Через три-четыре минуты фильм опять вытеснили рекламные ролики. Чудо-гриль-решетка для домашней плиты, лучшие музыкальные хиты в коллекции сезона…

— Я говорил, что Рина и Бенисио к тебе очень привязаны?

— А я тебе говорил, что ты задница?

— Нет, — отозвался Гусман. — Но это и без тебя есть кому сказать. Так все и говорят. Я привык.

Оба рассмеялись.

11

В тот раз Гонщик заработал почти три тысячи.

— Для меня что-нибудь есть? — спросил он у своего агента Джимми на следующий день.

— Жду звонков.

— Долго ты их собираешься ждать?

— Да есть пара предложений. Скоро отзвонятся.

— И за это я плачу тебе пятнадцать процентов?

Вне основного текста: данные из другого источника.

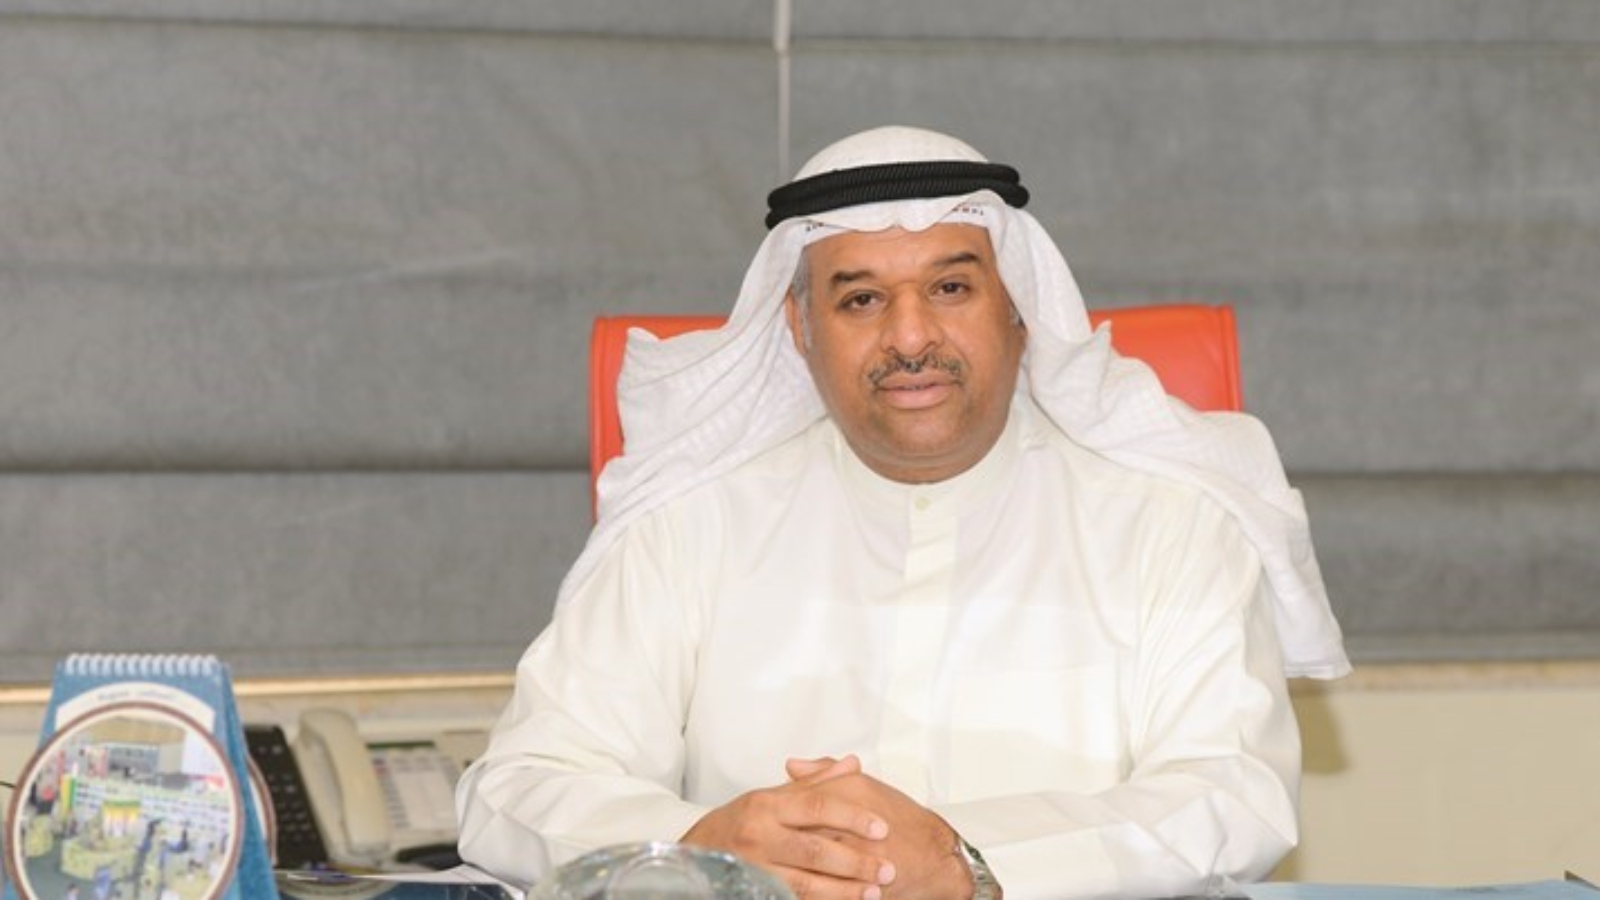 وزير الإعلام يفتتح مؤتمر الكويت للمسؤولية الاجتماعية غداً

— Мы же в земле обетованной!

— Да… С акридами и диким медом.

Однако к концу дня агенту позвонили и у Гонщика нарисовались два заказа. О нем пошла молва, объяснил ему Джимми: не о том, что он хорошо водит, — город кишмя кишит теми, кто умеет управляться с авто, — а о том, что он подъезжает когда нужно, не посматривает хмуро на часы, не качает права и неизменно выполняет порученное. «Киношники врубились, что ты профи, — говорил Джимми, — и не просто за баранкой сидишь, а дело делаешь. На таких всегда есть спрос».

Съемки были назначены на начало недели, так что Гонщик решил прошвырнуться в Тусон навестить мать. С тех пор, как ее выковыряли из кресла и отправили в клинику, под постоянное наблюдение, они и не виделись. В то время он был еще ребенком.

Так зачем он ехал к ней теперь? Если бы знать, черт побери!

По мере удаления от Голливуда менялся окружающий пейзаж: сначала беспорядочные старые улицы центрального Лос-Анджелеса постепенно уступили место паутине пригородов и городов-спутников, а потом на долгое время единственный и неизменный вид приобрело бегущее вдаль шоссе. Заправочные станции, «дель Такос», комиссионные магазины, лесные склады. Деревья, стены и заборы. К тому времени Гонщик уже заменил «форд-гэлакси» на винтажный «шевроле», на крышу которого легко мог приземлиться спортивный самолет, а на заднем сиденье разместилось бы большое семейство.

Гонщик заехал позавтракать на заправку «Юнион-76». Там он смотрел, как в отдельном зале дальнобойщики уплетают бифштексы с яичницей, жареную говядину, цыплят и куриные отбивные. Великая американская дорога, которую не одолеешь на пустой желудок. Великие американские дальнобойщики, высшее воплощение мечты об абсолютной свободе.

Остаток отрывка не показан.